I'm implementing a semantic segmentation model with images. As a good practice I tested my training pipeline with just one image and tried to over-fit that image. To my surprise, when training with the exactly the same images, the loss goes to near 0 as expected but when evaluating THE SAME IMAGES, the loss is much much higher, and it keeps going up as the training continues. So the segmentation output is garbage when training=False
, but when run with training=True
is works perfectly.
To be able to anyone to reproduce this I took the official segmentation tutorial and modified it a little for training a convnet from scratch and just 1 image. The model is very simple, just a sequence of Conv2D with batch normalization and Relu. The results are the following
As you see the loss and eval_loss are really different, and making inference to the image gives perfect result in training mode and in eval mode is garbage.

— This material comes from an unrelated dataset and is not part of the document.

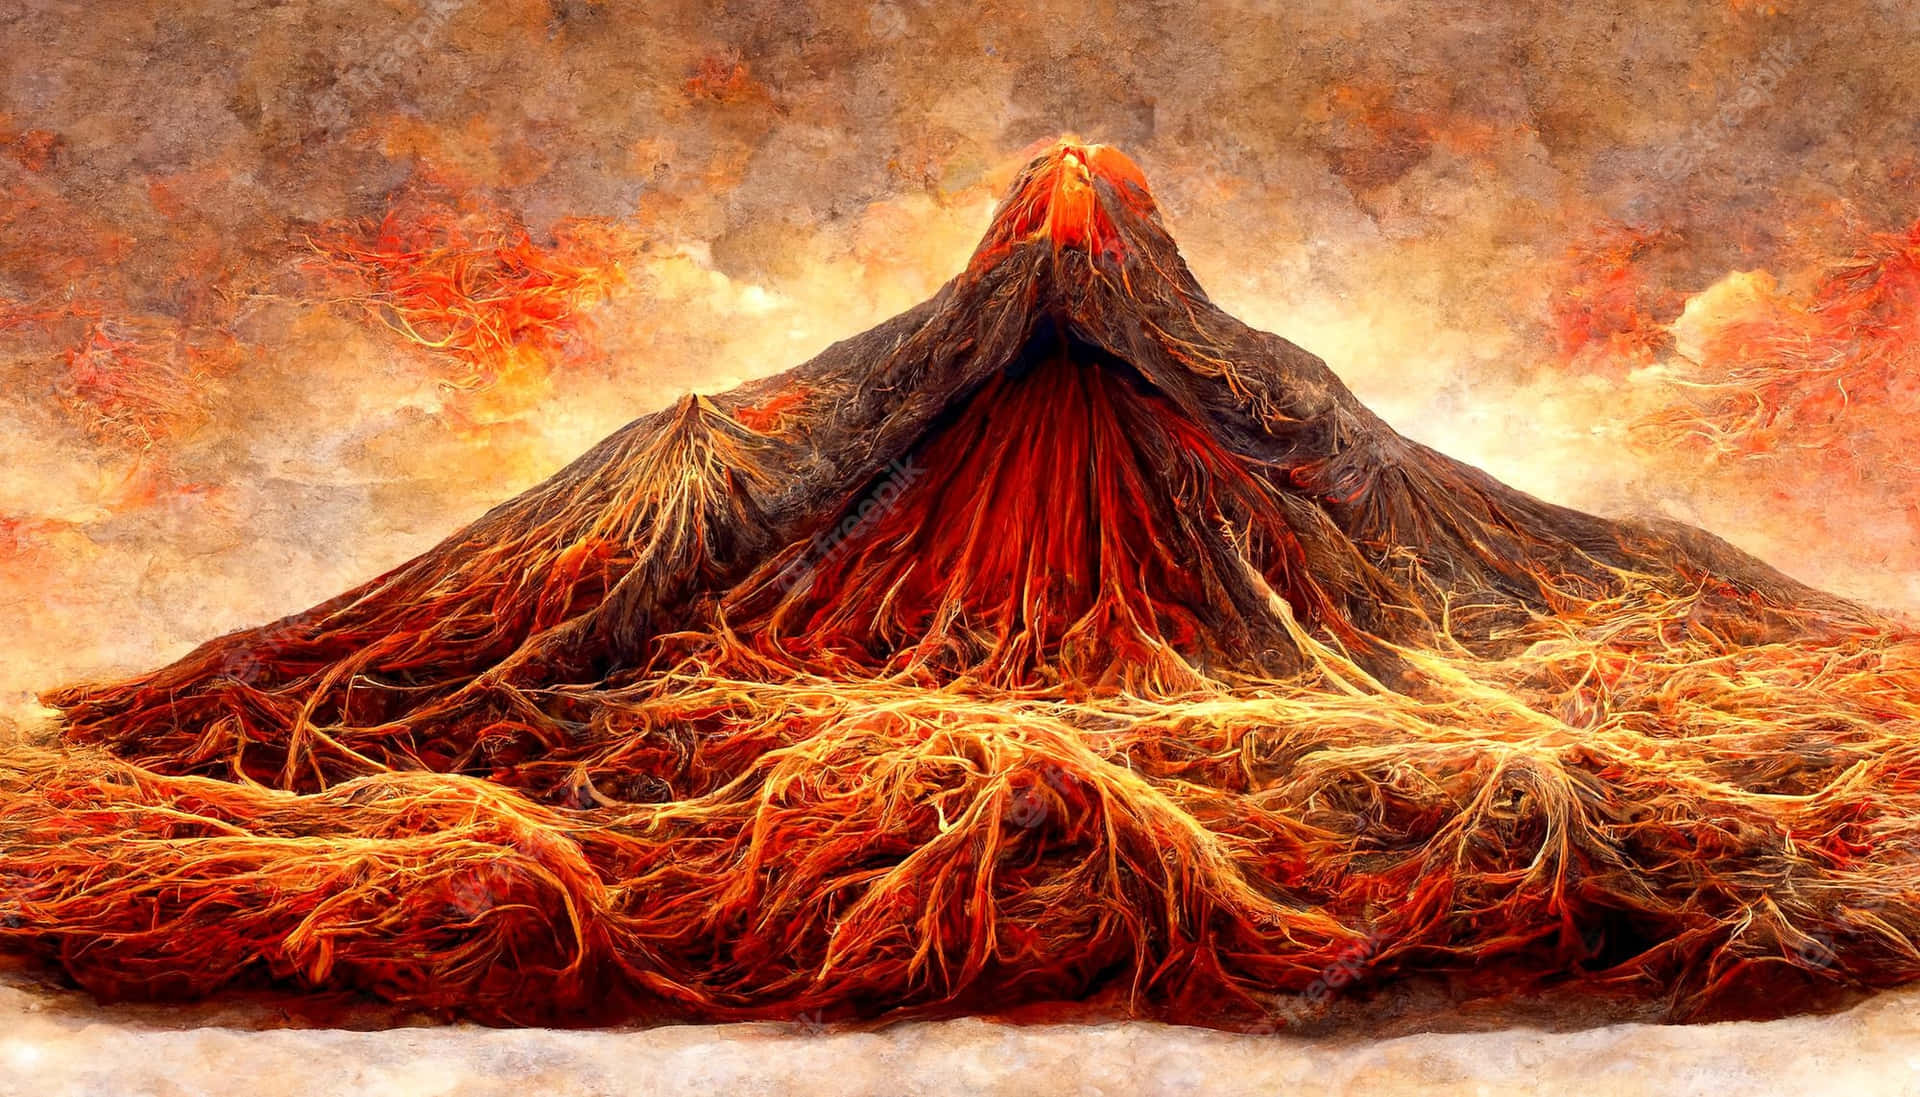 Einlebendig Roter Und Orangener Himmel, Beleuchtet Durch Den Ausbruch Eines Vulkans.

I know Batchnormalization behaves differently in inference time since it uses the averaged statistics calculated whilst training. Nonetheless, since we are training with just 1 same image and evaluating in the same image, this shouldn't happen right? Moreover I implemented the same architecture with the same optimizer in Pytorch and this does not happen there. With pytorch it trains and eval_loss converges to train loss
Here you can find the above mentioned https://colab.research.google.com/drive/18LipgAmKVDA86n3ljFW8X0JThVEeFf0a#scrollTo=TWDATghoRczu and at the end also the Pytorch implementation
It had to do more with the defaults values that tensorflow uses. Batchnormalization has a parameter momentum
which controls the averaging of batch statistics. The formula is: moving_mean = moving_mean * momentum + mean(batch) * (1 - momentum)
If you set momentum=0.0
in the BatchNorm layer, the averaged statistics should match perfectly with the statistics from the current batch (which is just 1 image). If you do so, you see that the validation loss almost immediately matches the training loss. Also if you try with momentum=0.9
(which is the equivalent default value in pytorch) and it works and converges faster (as in pytorch).